The tabletop juke-box music was loud, but there was an empty corner booth at the back.

“Two things we have to talk about,” Matt said, sliding into the vinyl-covered booth as his pants caught on some taped-over cuts in the upholstery. “The first and the last.”

Over greasy hamburgers and draft beer, Matt and Effinger’s son compared past and present grievances.

First.

“I hated your father for hitting my mother,” Matt said.

“And hitting you too, I bet. He knocked me around some before he left for so long. But he was my dad. And I don’t think he wanted to be in Chicago. He had to go, like someone here was after him, or he was sent away by the mob for knowing too much. Where was your dad?”

“He disappeared, never knew about me.”

Chuck nodded, lighting a cigarette. “At least my dad used to send me stuff. Comic books and toys.
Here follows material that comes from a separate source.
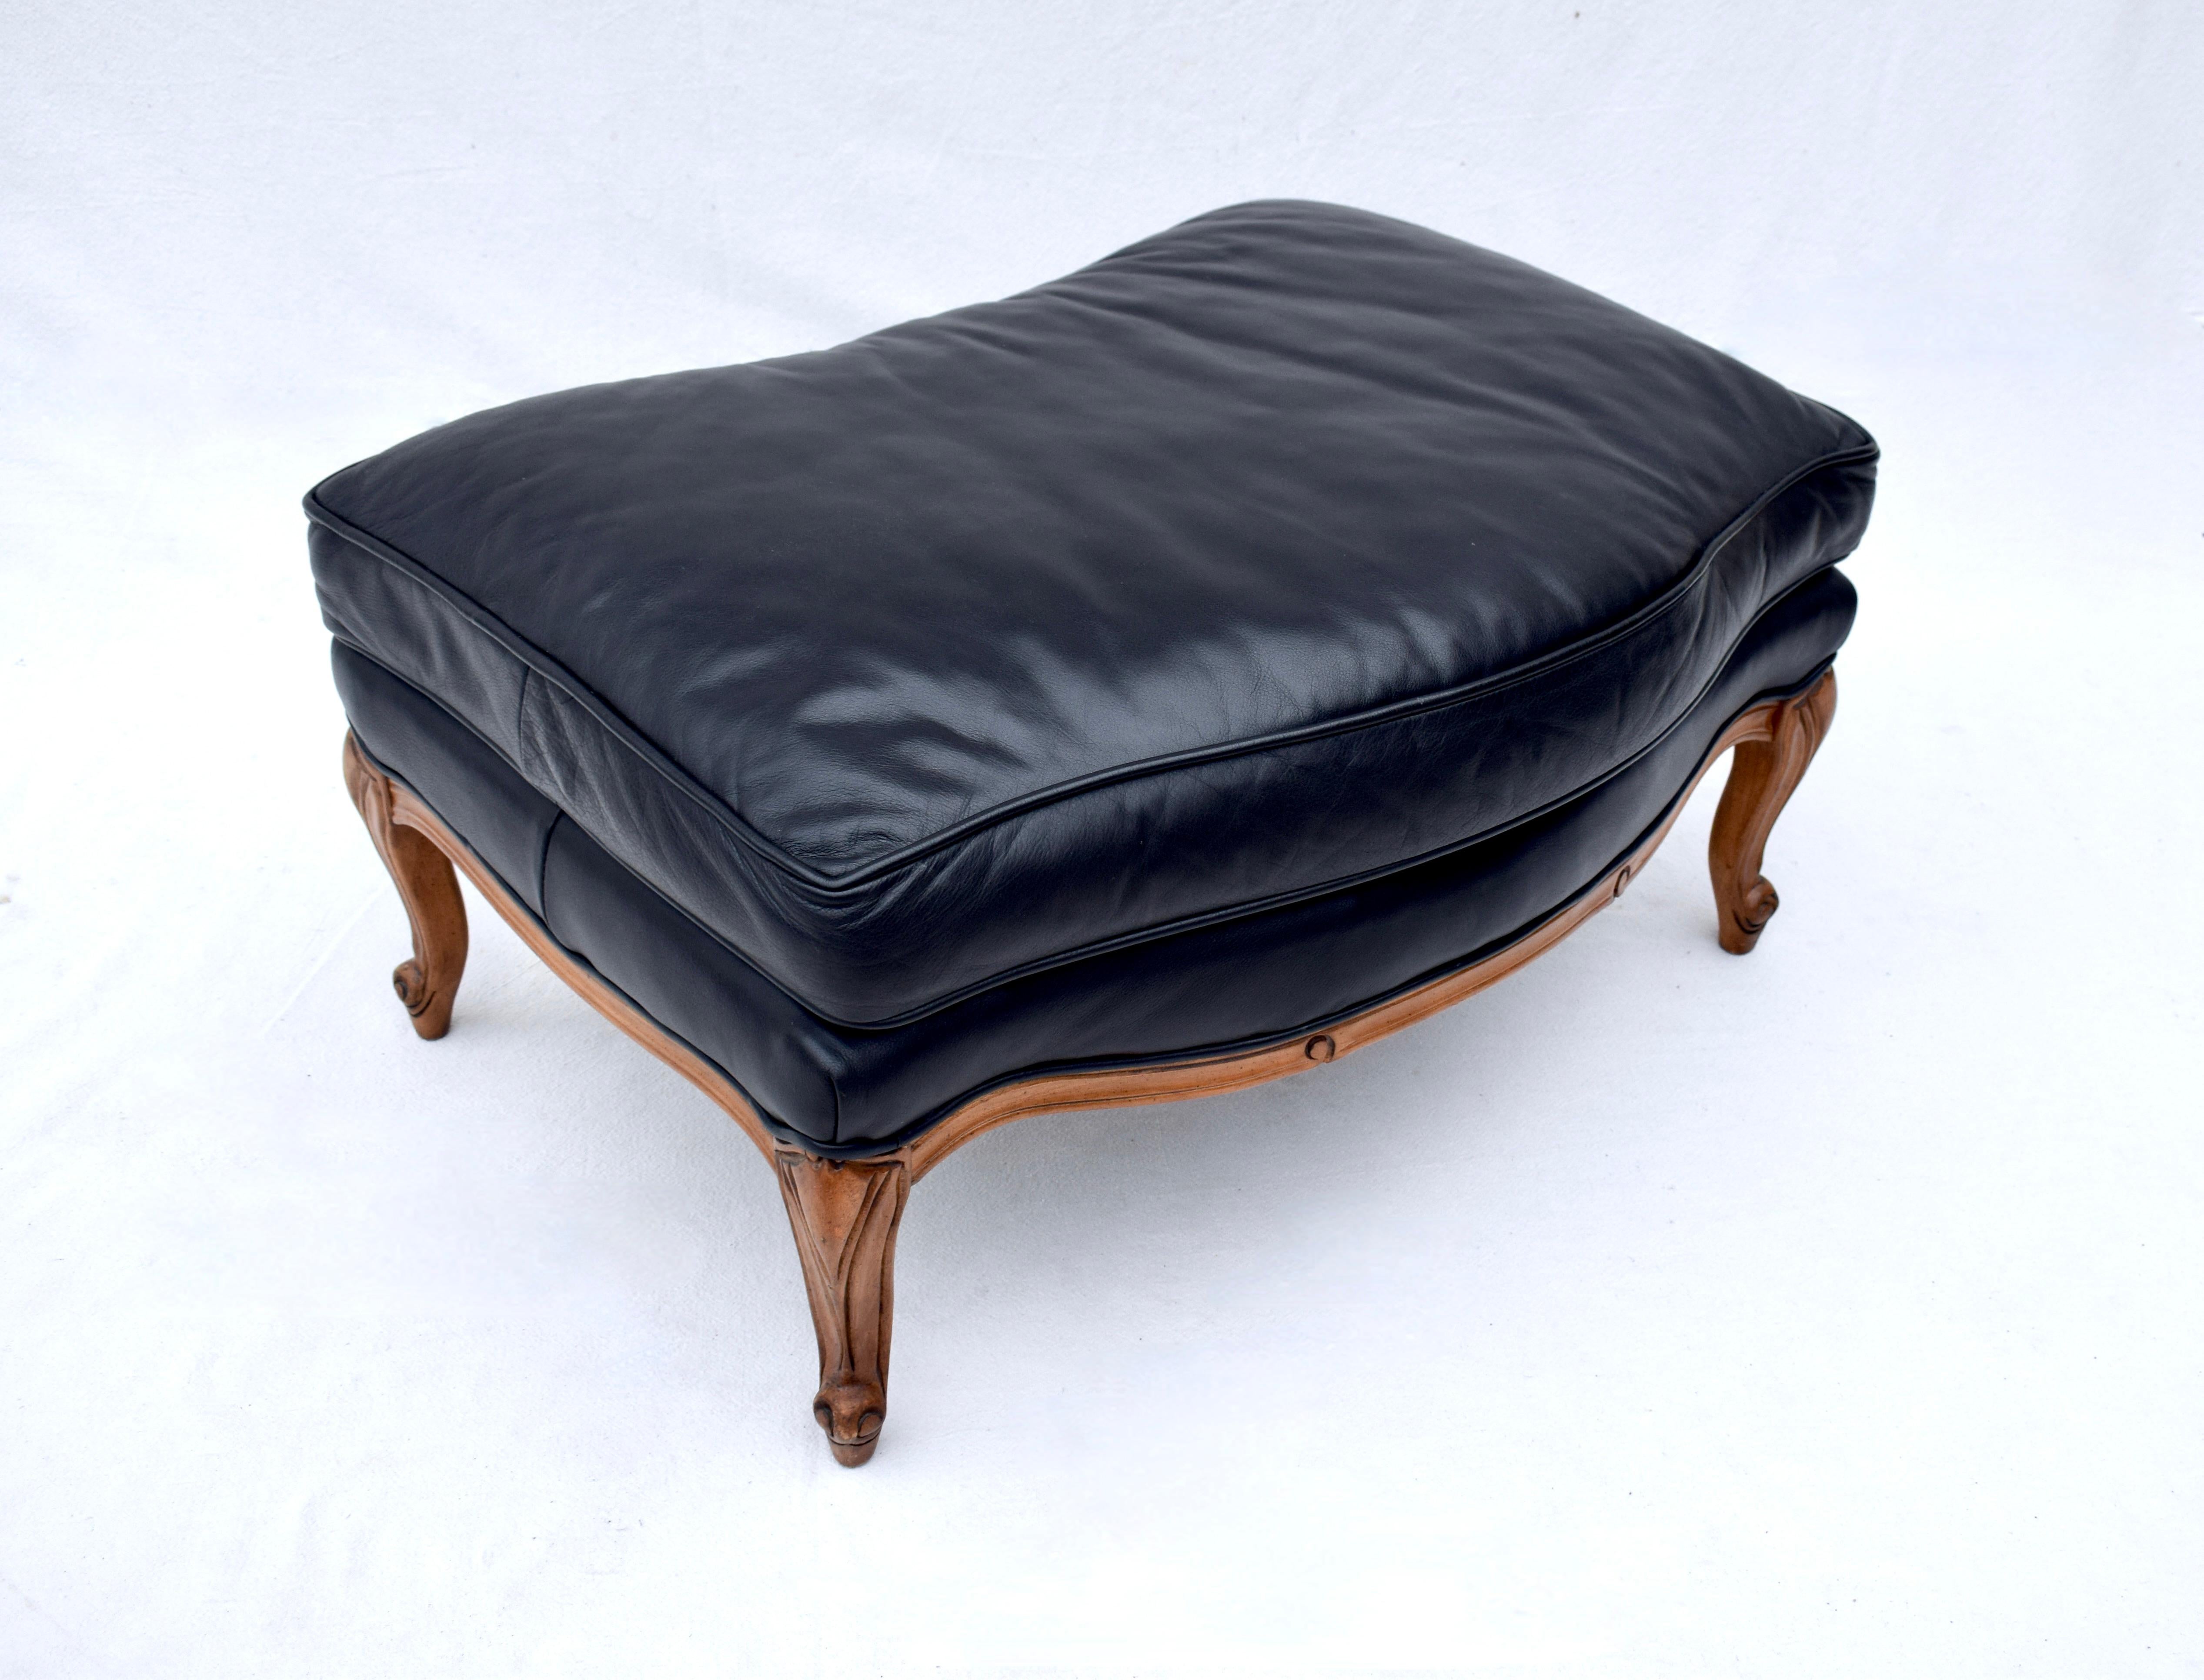 Woodward & Lothrop Top of the Line Black Leather and Walnut Club Chair & Ottoman 4

Even when I was getting too old for them. He’d come back from Chicago more often later.”

“I wanted to kill your dad.”

“But you didn’t do that drowned-alive operation. That was planned, I think to send a message and shut my uncle up. Someone will pay for offing my dad like that. But it’s hard to find who. Lots of people wanted to kill my dad. It wasn’t just because they didn’t like him or he bounced them around some. That was kinda his job, to do things for the mob.”